## TASK PROMPT
From the material beneath, pull every line with the word "dans".

------------------------------------

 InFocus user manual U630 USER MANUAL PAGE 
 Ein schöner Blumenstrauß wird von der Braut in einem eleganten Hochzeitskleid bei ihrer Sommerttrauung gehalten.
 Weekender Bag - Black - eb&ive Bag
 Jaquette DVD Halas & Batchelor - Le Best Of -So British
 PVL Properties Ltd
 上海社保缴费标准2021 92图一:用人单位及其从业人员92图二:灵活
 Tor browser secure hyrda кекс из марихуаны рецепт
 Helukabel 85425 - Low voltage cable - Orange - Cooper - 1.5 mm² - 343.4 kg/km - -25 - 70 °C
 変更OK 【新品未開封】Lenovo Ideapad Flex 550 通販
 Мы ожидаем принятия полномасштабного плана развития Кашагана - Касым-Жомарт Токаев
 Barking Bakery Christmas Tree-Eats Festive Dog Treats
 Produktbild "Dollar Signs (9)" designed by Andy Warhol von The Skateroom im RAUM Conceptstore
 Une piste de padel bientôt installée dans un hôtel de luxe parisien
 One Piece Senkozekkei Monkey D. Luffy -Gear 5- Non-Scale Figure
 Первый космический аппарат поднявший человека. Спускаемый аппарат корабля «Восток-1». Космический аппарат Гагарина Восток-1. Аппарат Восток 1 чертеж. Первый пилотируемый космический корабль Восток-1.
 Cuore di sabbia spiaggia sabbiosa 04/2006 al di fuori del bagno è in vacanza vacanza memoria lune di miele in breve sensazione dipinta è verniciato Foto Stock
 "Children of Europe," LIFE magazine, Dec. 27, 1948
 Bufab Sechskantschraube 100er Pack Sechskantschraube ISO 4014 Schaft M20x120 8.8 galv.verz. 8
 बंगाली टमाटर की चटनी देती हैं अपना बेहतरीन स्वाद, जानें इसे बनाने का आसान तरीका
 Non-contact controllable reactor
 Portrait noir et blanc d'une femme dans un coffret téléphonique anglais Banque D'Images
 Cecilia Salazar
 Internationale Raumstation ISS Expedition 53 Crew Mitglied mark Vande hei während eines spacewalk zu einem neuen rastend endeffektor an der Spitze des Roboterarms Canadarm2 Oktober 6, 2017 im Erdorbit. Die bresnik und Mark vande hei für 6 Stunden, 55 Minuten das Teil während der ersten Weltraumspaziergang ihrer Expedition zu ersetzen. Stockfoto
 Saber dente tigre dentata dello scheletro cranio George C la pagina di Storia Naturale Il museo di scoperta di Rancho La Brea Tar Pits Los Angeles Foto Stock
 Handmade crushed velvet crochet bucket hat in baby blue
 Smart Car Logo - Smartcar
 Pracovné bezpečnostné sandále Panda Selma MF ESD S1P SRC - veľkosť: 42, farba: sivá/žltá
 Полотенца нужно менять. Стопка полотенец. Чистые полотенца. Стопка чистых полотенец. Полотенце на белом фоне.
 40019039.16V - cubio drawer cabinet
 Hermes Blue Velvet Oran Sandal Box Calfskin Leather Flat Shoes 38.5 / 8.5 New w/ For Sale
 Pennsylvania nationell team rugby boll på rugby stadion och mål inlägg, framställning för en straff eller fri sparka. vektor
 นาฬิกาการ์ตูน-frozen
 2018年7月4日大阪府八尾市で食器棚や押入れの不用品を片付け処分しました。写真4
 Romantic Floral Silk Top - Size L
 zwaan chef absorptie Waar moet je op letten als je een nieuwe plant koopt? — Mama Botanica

------------------------------------

## WRITTEN RESPONSE
 Une piste de padel bientôt installée dans un hôtel de luxe parisien
 Portrait noir et blanc d'une femme dans un coffret téléphonique anglais Banque D'Images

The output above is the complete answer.